A standard approach for small molecule structure elucidation involves identification of the individual fragments or spin systems followed by their assembly. This approach outlined in Scheme 1 uses 1D data to assess purity, classify the compound type and compare with NMR chemical shift databases. Analysis of the 2D homonuclear data (COSY and TOCSY) identifies the individual short spin systems in the compound. Heteronuclear HSQC data provides 13C chemical shift information and direct H-C links. HMBC data links distant H-C spin systems that help link molecular fragments. Data from the NOESY and ROESY spectra also aid in linking spins systems, and determining relative configuration and conformation, for example, relative stereochemistry, ring junctions, and double bond regiochemistry. The final step is confirming that proposed shift assignments and structural characteristics agree with coupling constants and splitting patterns among spectra, along with other data collected. There are numerous books detailing the specifics for analyzing NMR data of small molecules, see for example Refs. 35-38.
The flowchart can be utilized as a general scheme for small natural product structural elucidation. Typically, a series of 1H and 13C NMR experiments are required in order to fully confirm the structure.
2.1.2. Proteins & peptides
MR allows for structural characterization of moderately sized proteins or peptides.[12,39] Since the line width of the NMR signal depends upon the rotational correlation time τc, the resultant signal intensity reduction and decreased spectral resolution typically precludes detailed analysis of large proteins. To date the largest protein to be structurally characterized by NMR is the 82 kDa or 723 amino acid malate synthase G. In contrast, X-ray techniques in principle have no size limit however, not all proteins are amenable to crystallization esp. membrane-associated proteins and crystallization can alter the protein structure making NMR attractive for elucidating structures in “native” solution environments. “Non-native” conditions can also be applicable for protein folding/unfolding or temperature stability.
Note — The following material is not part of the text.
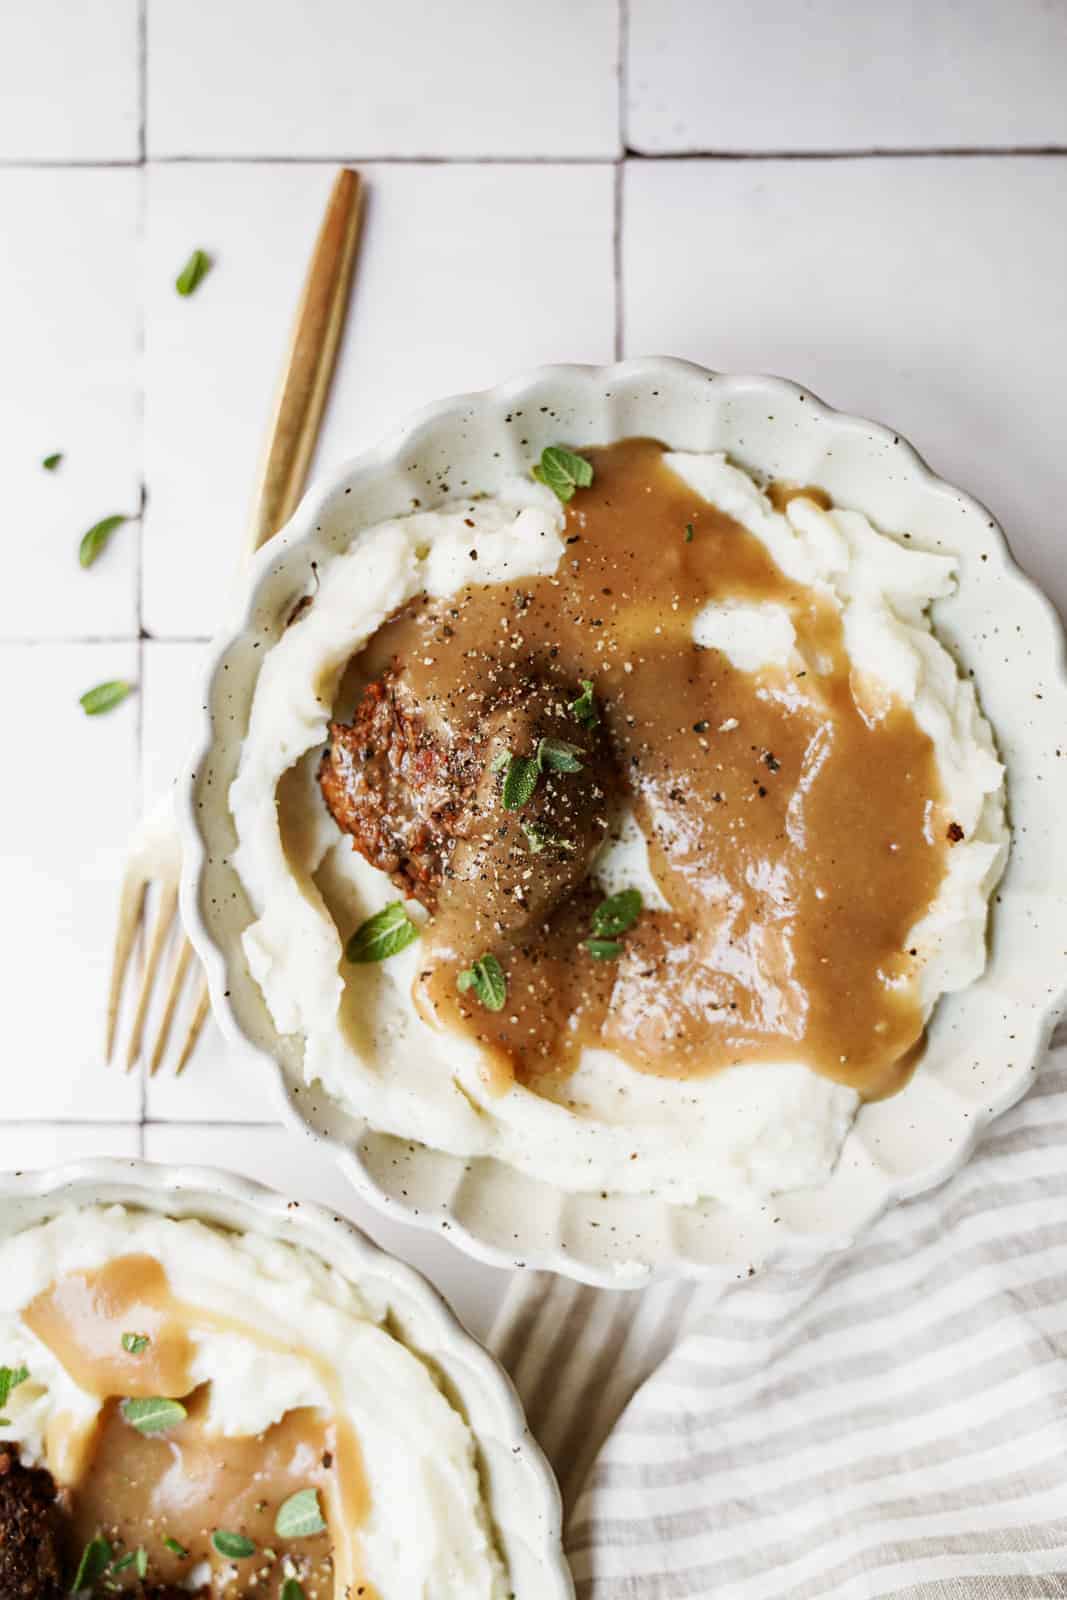 Vegan meatballs with a side of vegan mashed potatoes and gravy on countertop.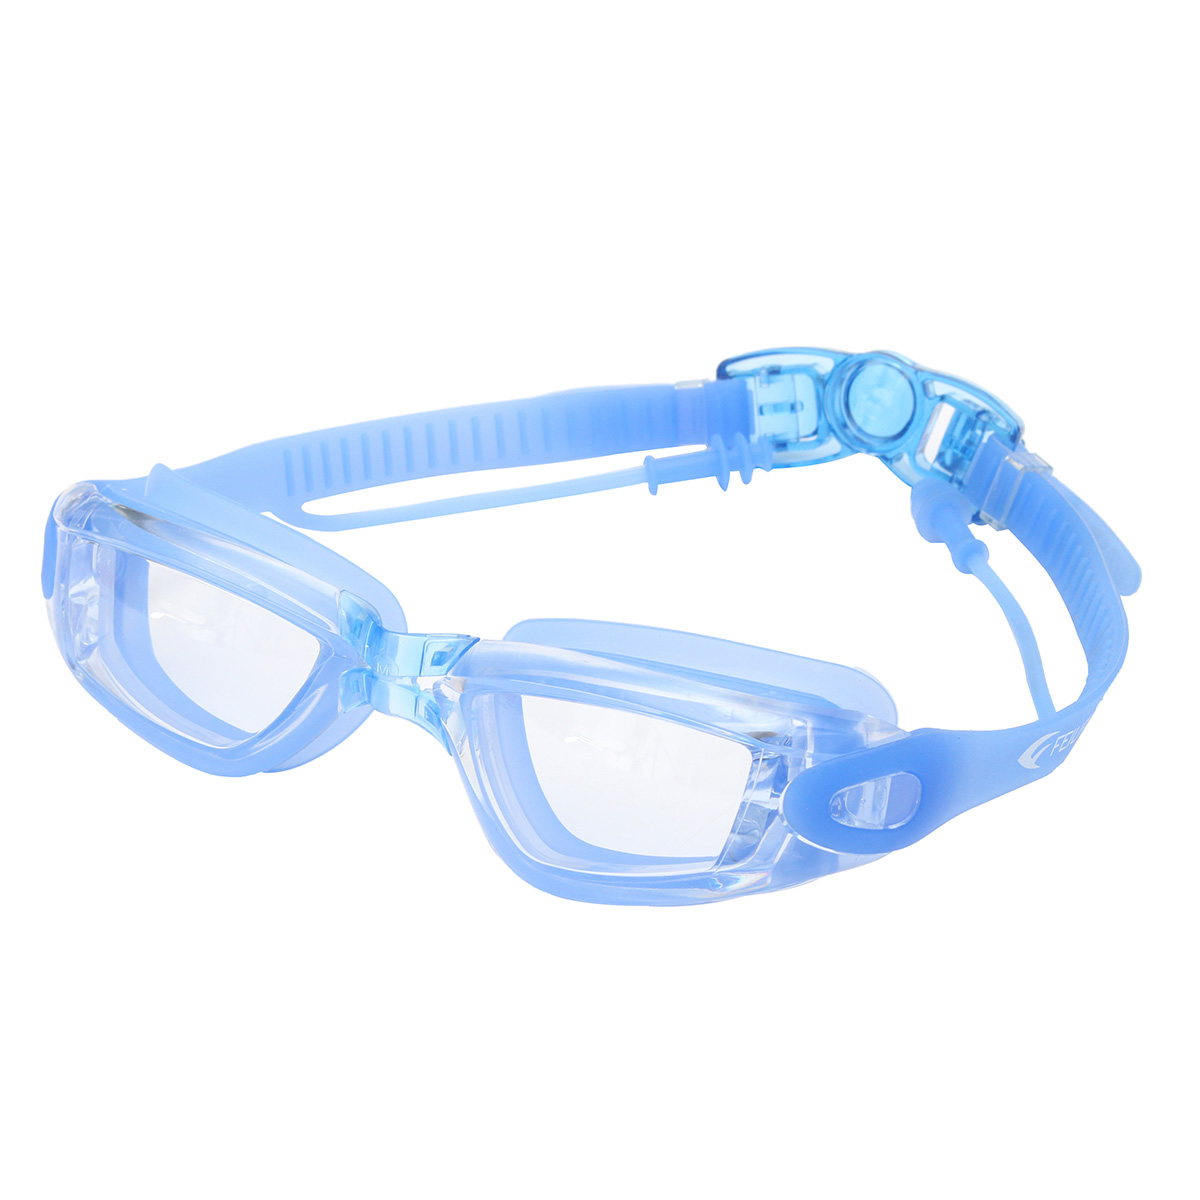 OUTERDO-Professional-Swimming-Goggles-with-Earbuds-Silicone-Unisex-Anti-Fog-No-Leaking-HD-Optical-Di-1888044-3

Initial investigation into biomolecular structure elucidation typically requires information from other techniques such as MS, circular dichroism, micro-array for initial determination of the amino acid sequence. A general scheme for the elucidation of a protein 3D structure (Scheme 2) involves initial production of the protein either by synthesis and refolding, or by recombinant expression, and followed by acquisition and data analysis. From the analysis through bond backbone and side-chain connections, through space nOe connections and additional constraints are utilized as restraints within simulated annealing protocols that calculate superimposable ensembles of lowest-energy structures.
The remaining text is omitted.